In 2005, the most notable omissions were CACHE/HIDDEN (made in France, with a French cast, with an Austrian director, and pan-European funding) and PRIVATE (the Italian entry, by an Italian director, made with a Palestinian and Israeli cast, in Arabic).

At least those critically hailed films benefitted from their Oscar snubs.

In recent years, nominating committees from various countries have passed over better films to submit middlebrow crap like LES CHORISTES (the Miramax entry from France in 2004) and LIFE IS BEAUTIFUL (the Miramax entry from Italy in 1998). Seriously, were they even the fifth-best movies from their respective countries?

Though it's cool to see films from Ivory Coast, Palestine and Nepal up against perennial winners like Italy and Spain, this isn't the Miss World contest - one flagbearer per country. If France makes three great films in one year, let them all have a chance.

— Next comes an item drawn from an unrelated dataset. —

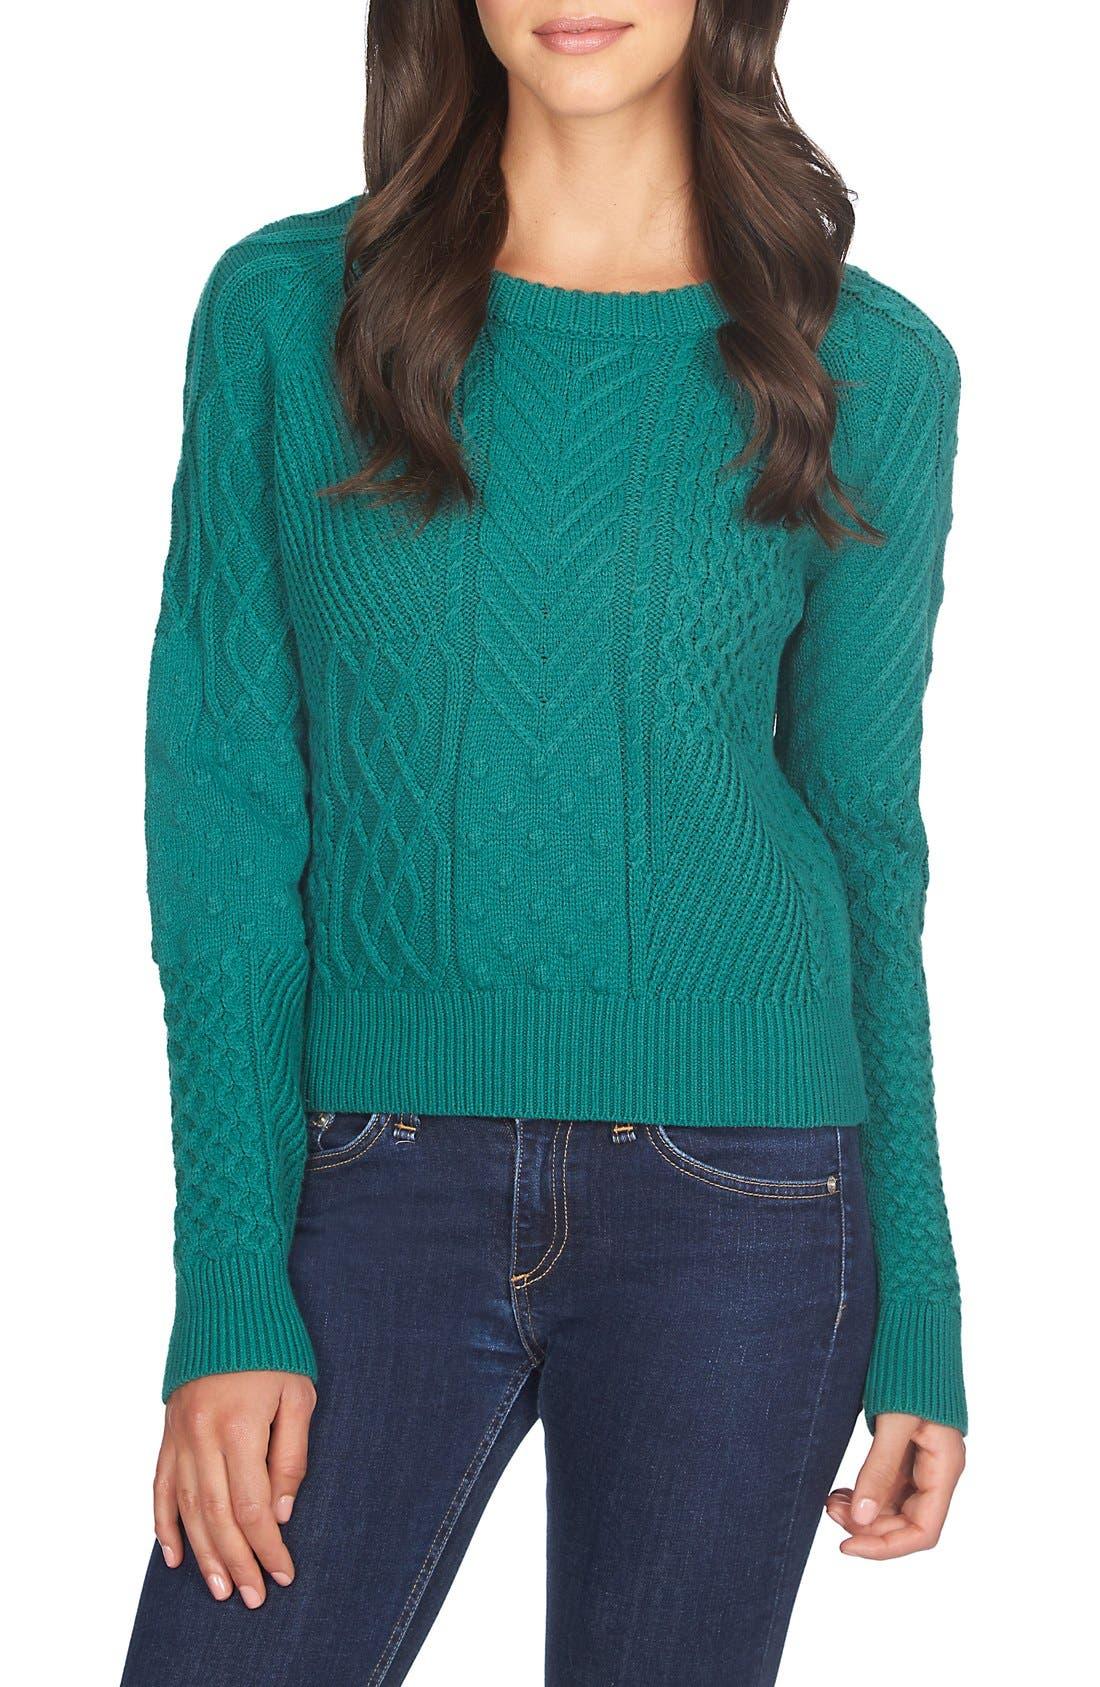 Alternate Image 1 Selected - 1.STATE CrewneckKnit Sweater
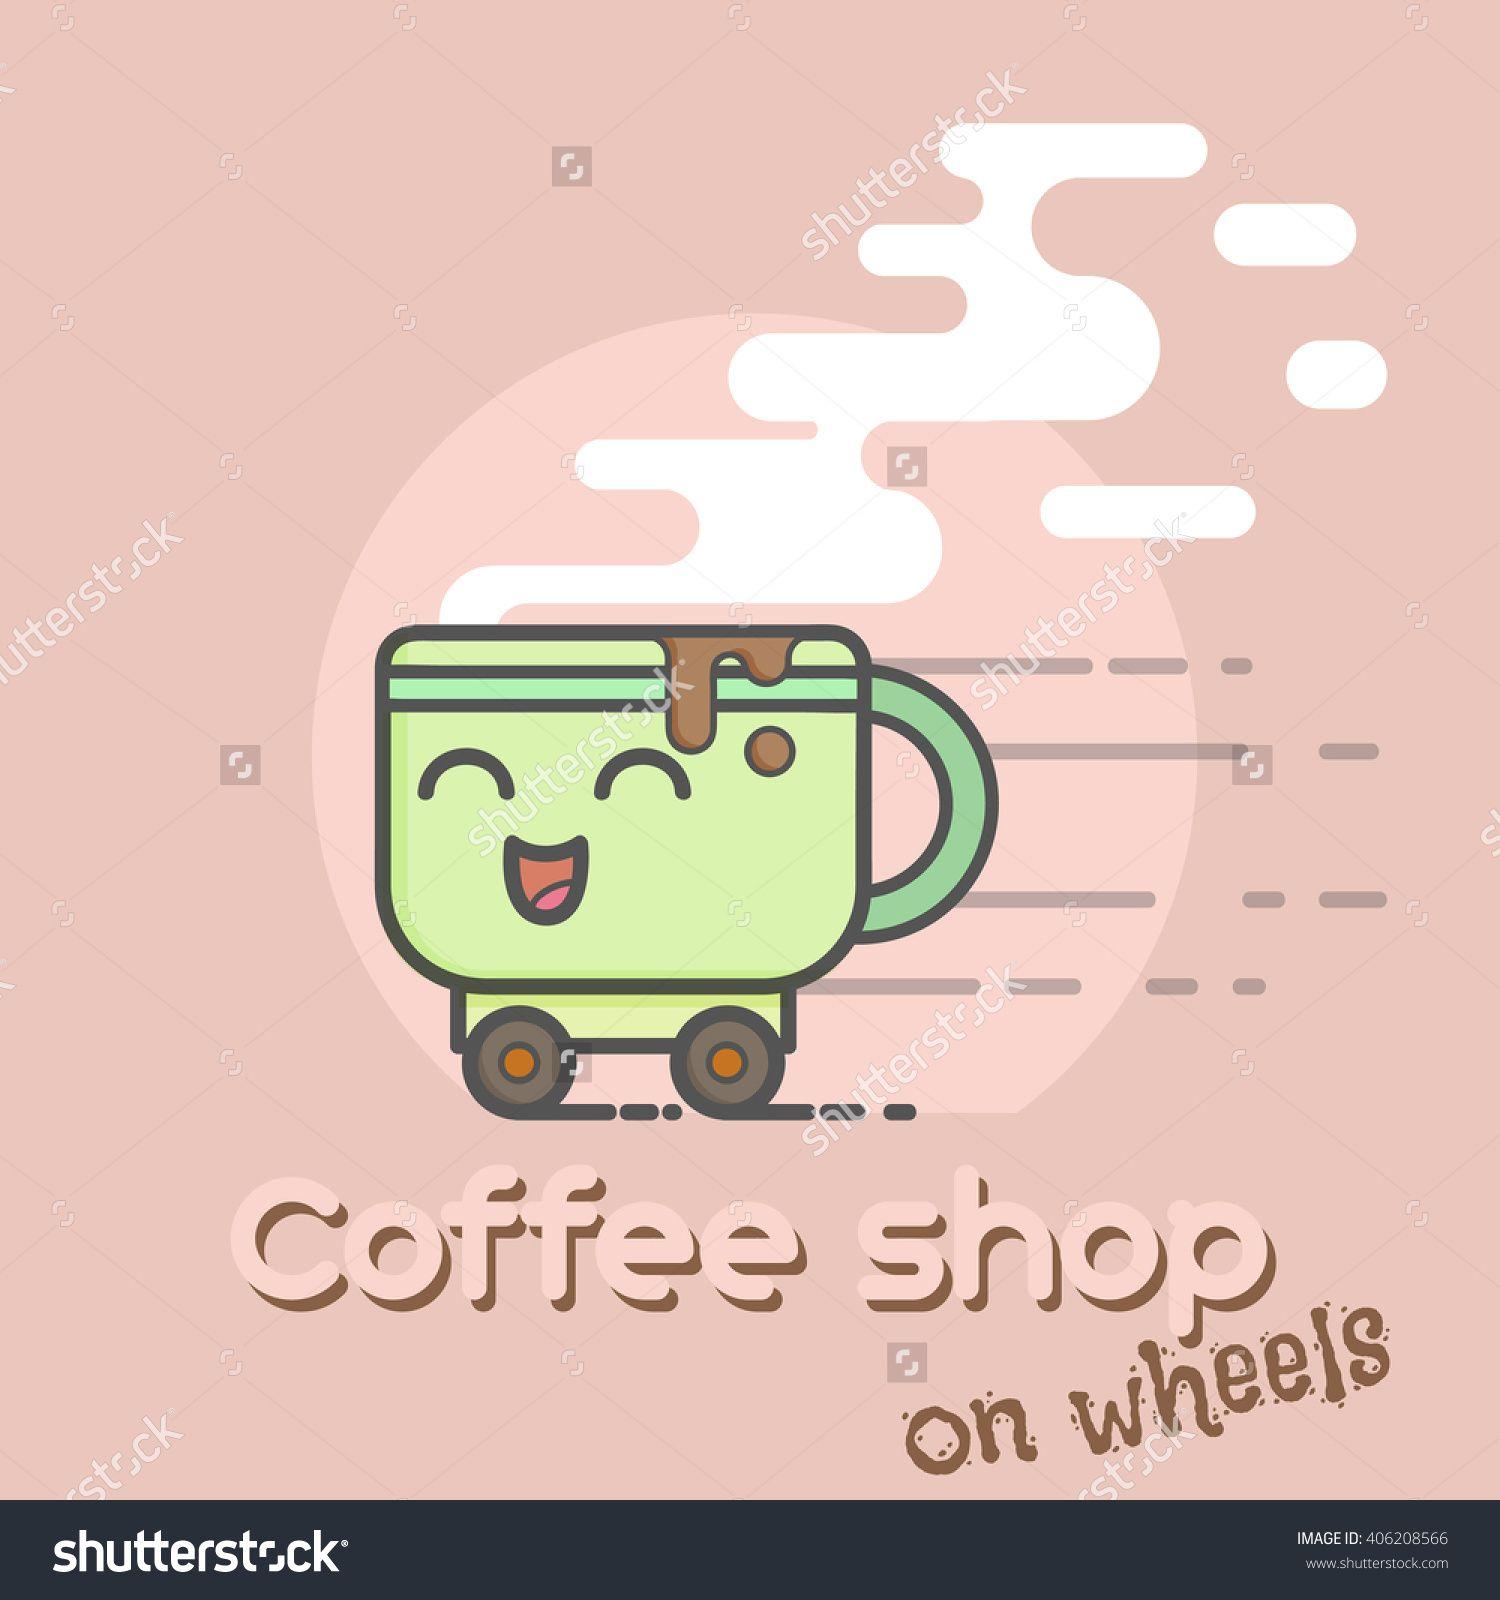 Coffee Cup Clip Art Coffee cup art, Coffee cartoon

But please: no more tearjerkers with adorable children, clowns and confetti on the poster. Academy voters, ever since the LIFE IS BEAUTIFUL fiasco, have been seeing right through that crap.

Read Anthony Kaufman's take on the rules change here, and some coverage of the 2005 Academy Award category. Remember who won? TSOTSI, from South Africa. The one with the adorable baby in the backseat of a carjacked car. Babies! The secret to Oscar success.

Indiewire's got more on the Foreign Film category rules.

Comments

If a baby is the key to winning the foreign flick prize, than The Child by the Dardenne brothers is a shoe in for 2006.